第3章は「量」ではなく「順番」で攻略する

登録販売者試験の受験者が最も苦戦するのが第3章「主な医薬品とその作用」です。

全120問中40問(約33%)を占める最重要科目で、かぜ薬・鎮痛薬・胃腸薬・漢方薬など、幅広い医薬品の成分名と作用を覚える必要があります。

難しいのは「量が多い」からだけではありません。**「どこから手をつければいいかわからない」**まま勉強を始めてしまうことが、挫折の一番の原因です。

第3章は、正しい順番と方法で取り組めば必ず攻略できます。

薬剤師の視点から 薬剤師国家試験でも同じですが、医薬品の成分名は「丸暗記」しようとすると必ず行き詰まります。成分名には法則があります。例えば「〜フェナジン」「〜ジン」という語尾を持つ成分は抗ヒスタミン薬が多い、「〜テイン」がつく成分はキサンチン系が多い、といった具合です。語尾のパターンを意識するだけで、記憶の定着が全然違います。
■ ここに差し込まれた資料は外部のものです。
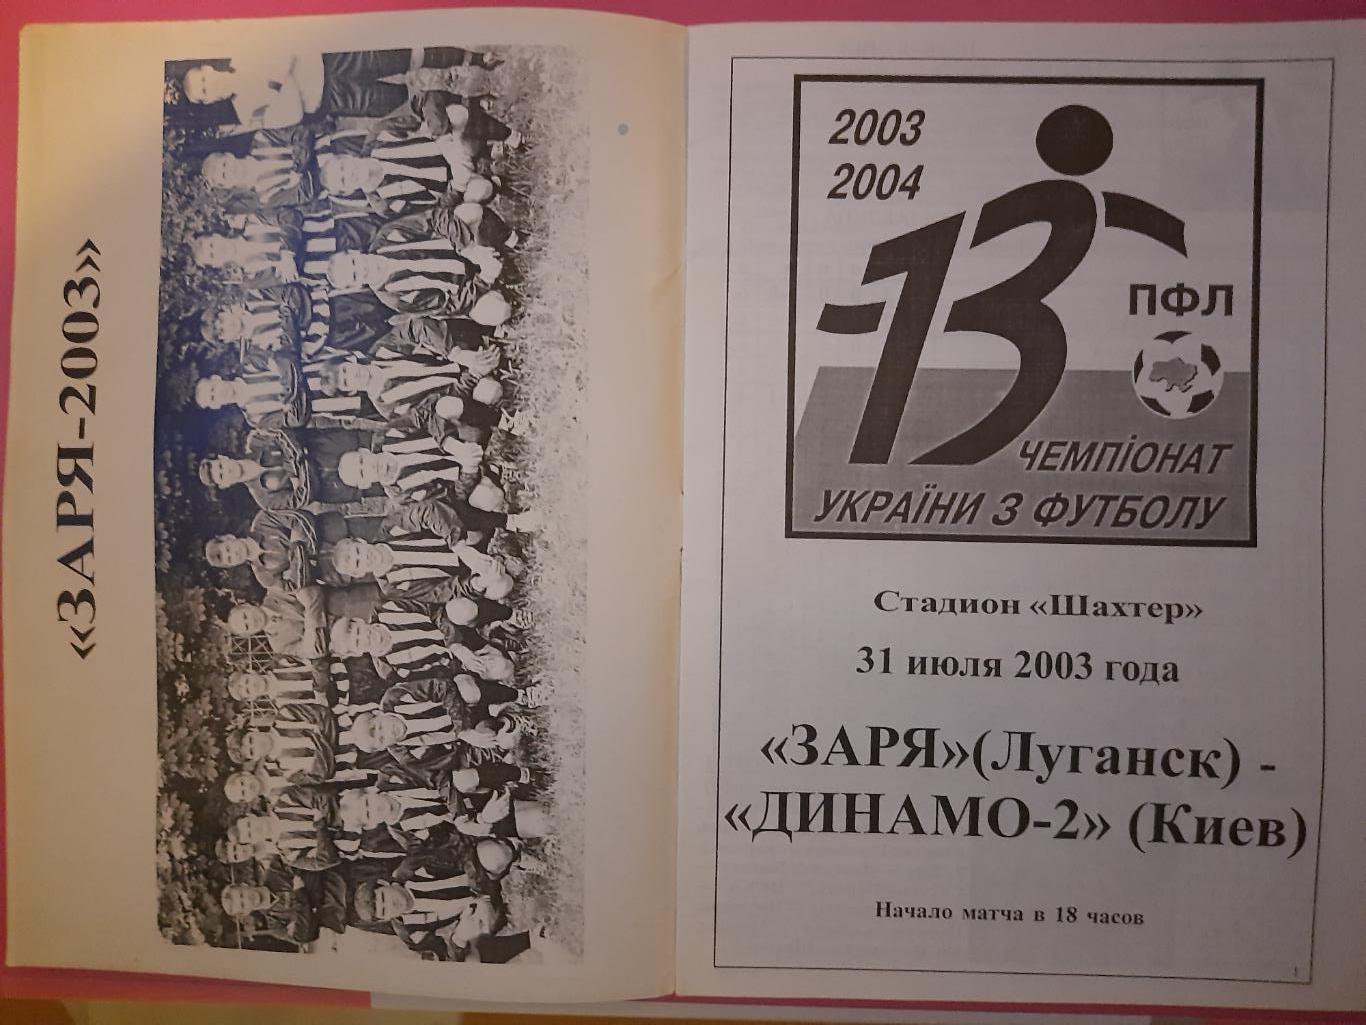 Заря Луганск -Динамо Киев 31.07.2003 1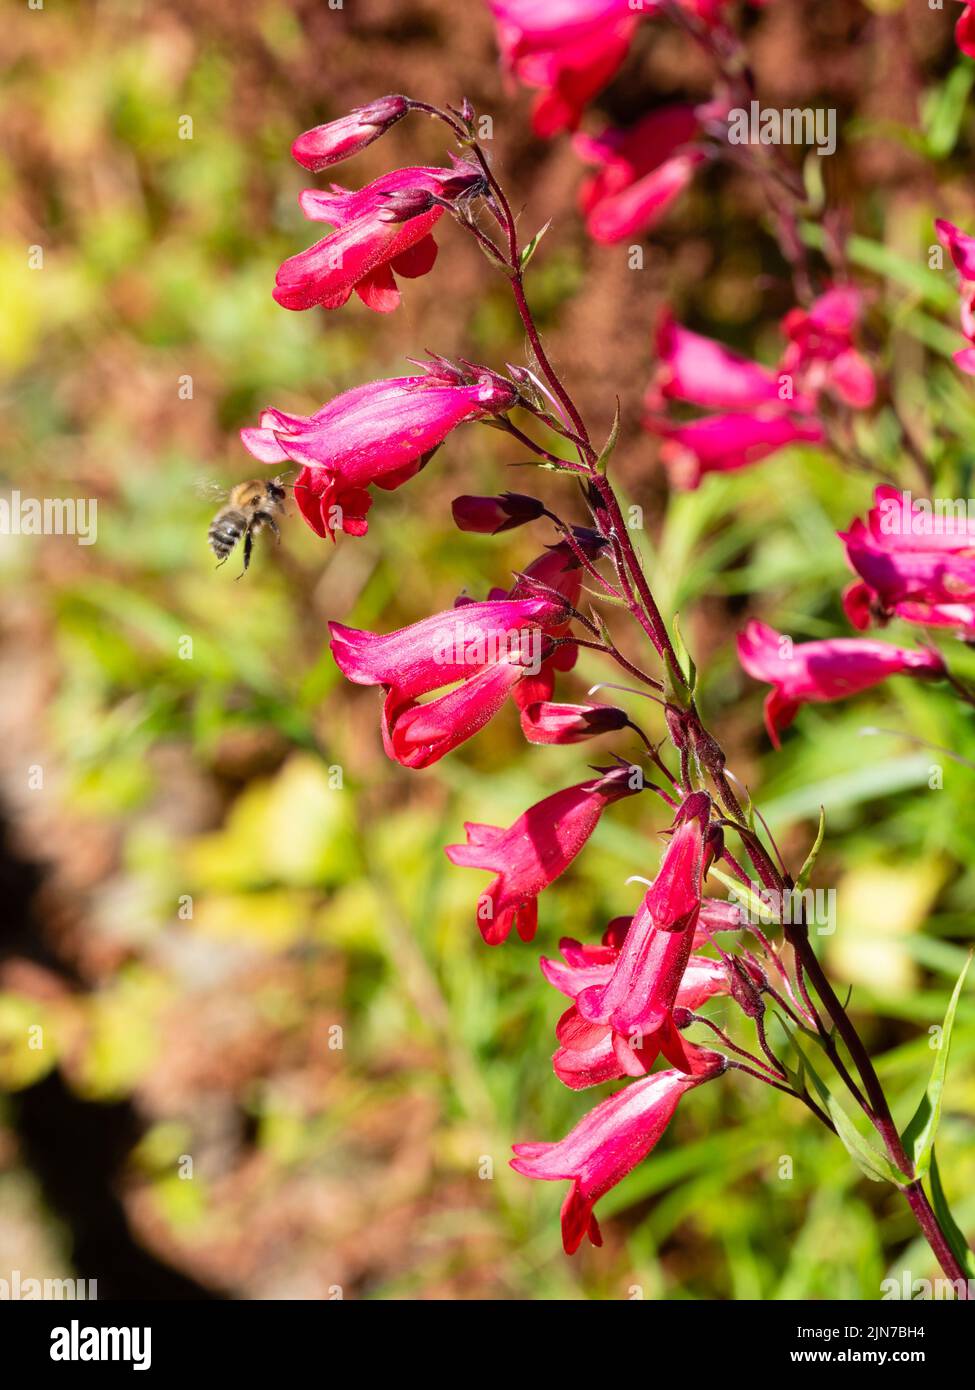 Rosa tubular, insecto que atrae flores del subarbusto perenne resistente, Penstemon 'Firebird' Foto de stock

現場でも毎日触れているので実感しています。


第3章の出題構成を把握する

まず第3章で何が出るかを整理しておきましょう。

カテゴリ主な内容
かぜ薬・解熱鎮痛薬解熱成分・抗ヒスタミン成分・鎮咳成分など
胃腸薬・整腸薬制酸成分・消化酵素・生薬成分など
鎮咳去痰薬鎮咳成分・去痰成分・気管支拡張成分
内服アレルギー用薬抗ヒスタミン成分・抗炎症成分
眼科用薬・鼻炎薬充血除去成分・抗炎症成分
皮膚薬・外用薬殺菌消毒成分・ステロイド成分
漢方処方製剤・生薬漢方薬の適応・構成生薬
その他禁煙補助剤・ビタミン剤・検査薬など

これだけ見ると多く感じますが、成分名には共通パターンがあるので、グループごとにまとめて覚えるのが効率的です。


成分名を効率よく覚える3つのコツ

コツ① 語尾・語頭のパターンを覚える

成分名には共通する語尾・語頭のパターンがあります。これを知っているだけで、見慣れない成分名でも「どの種類の薬か」が推測できます。

パターン主な薬効
〜ミン(クロルフェニラミン等)抗ヒスタミン薬
〜テイン(テオフィリン等)キサンチン系・気管支拡張
〜フェン(イブプロフェン等)解熱鎮痛薬
カフェイン系中枢興奮・解熱鎮痛補助
〜コール(メントール等)清涼感・局所作用

全部覚えようとしなくて大丈夫です。 よく出るパターンを5〜10個把握するだけで、試験での「なんとなく感」がなくなります。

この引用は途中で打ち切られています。